The HIRSP was established to assist individuals under 65, particularly those with HIV or other significant health issues, who face challenges in obtaining insurance. Eligibility criteria include cancellation of insurance, rejection of applications, significant modifications to existing coverage, or steep premium increases. Eligible individuals can purchase major medical insurance through HIRSP at state-determined premiums, with reduced rates for low-income participants. Despite premium collections of $17,846,040 in 1992, HIRSP's claims and administrative costs amounted to $39,868,370, necessitating annual assessments on health insurance companies to cover the deficits. The number of participants in HIRSP grew from 309 in 1981 to 12,380 by 1992, highlighting the plan's increasing reliance on these fees due to the high costs associated with insuring its members.

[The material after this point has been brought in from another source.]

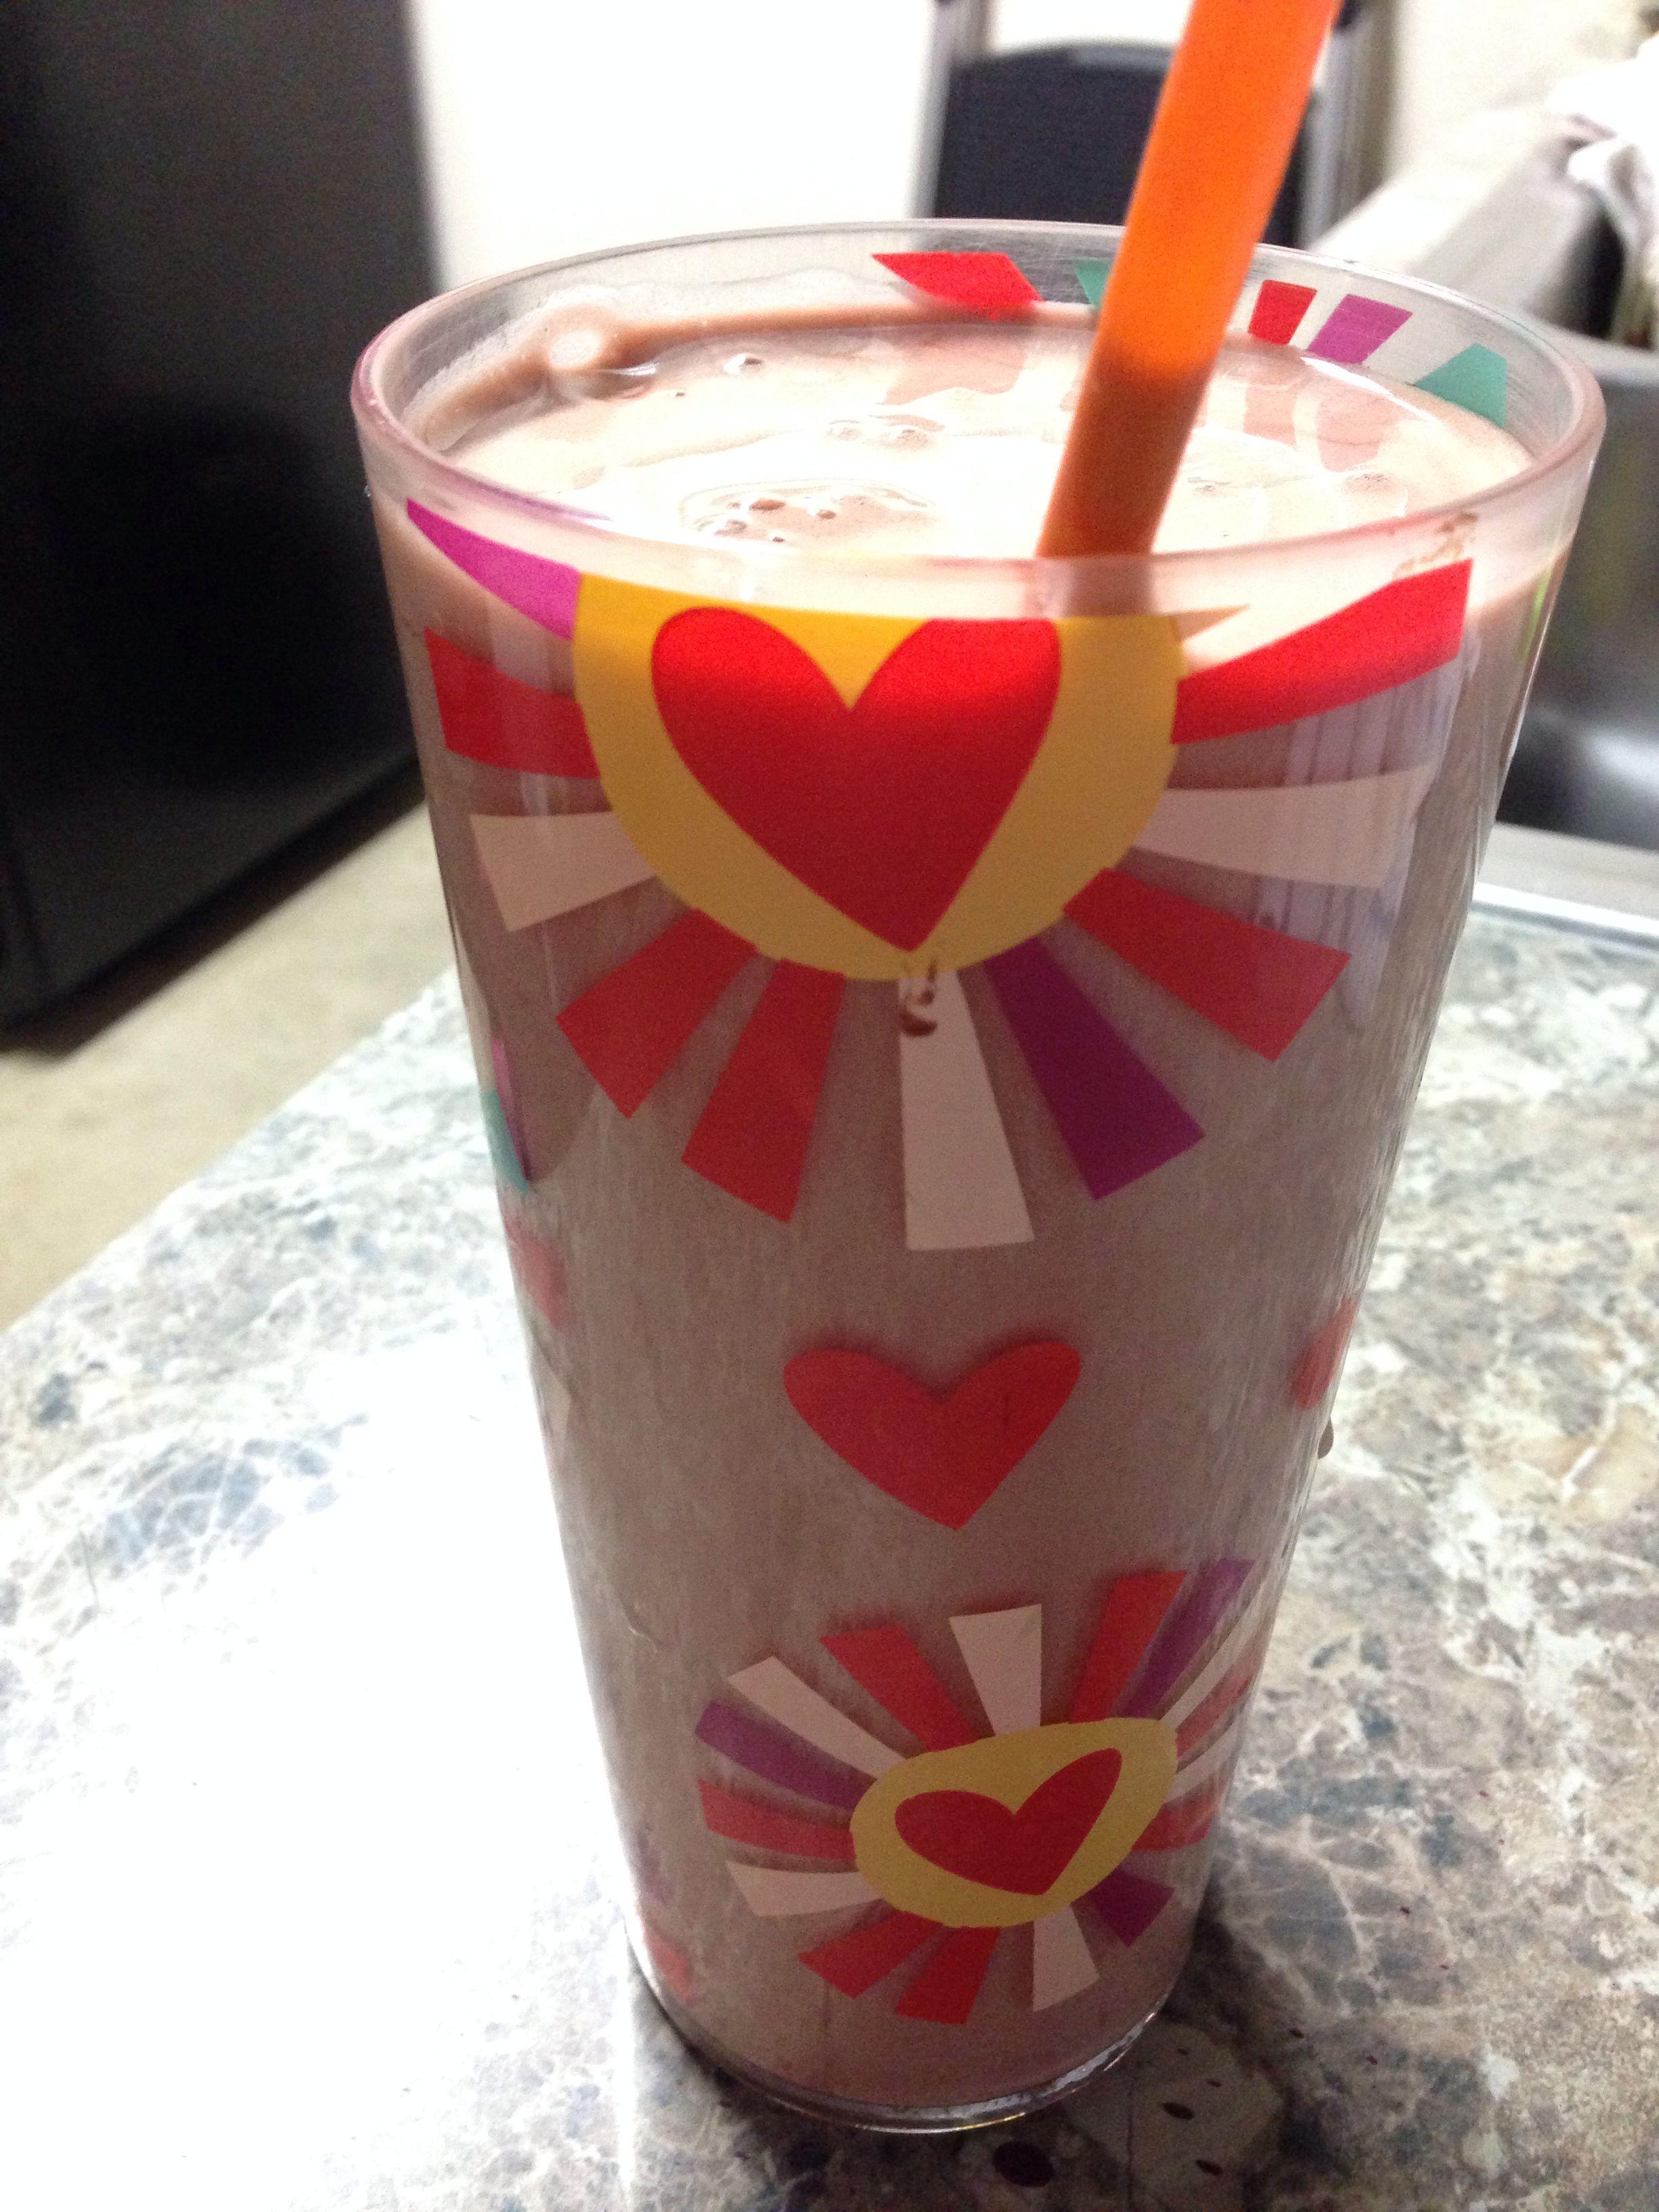 Hmr chocolate covered strawberry shake hmr 70 and

The fee for insurers is calculated based on the ratio of their health care coverage revenue from Wisconsin residents to the total revenue of all participating insurers for that year. An additional fee applies to insurers that deny coverage to HIRSP participants. Safeco, licensed in Wisconsin since 1959, offers stop-loss insurance for self-funded ERISA plans, which cover various employee benefits. From 1988 to 1992, HIRSP assessed Safeco $239,577.93 in fees, plus an additional $22,889.15 in 1993. Safeco contested the assessment, claiming that ERISA preempts HIRSP's provisions regarding ERISA plan insurance policies, and sought a declaratory judgment against the Wisconsin Commissioner of Insurance and HIRSP.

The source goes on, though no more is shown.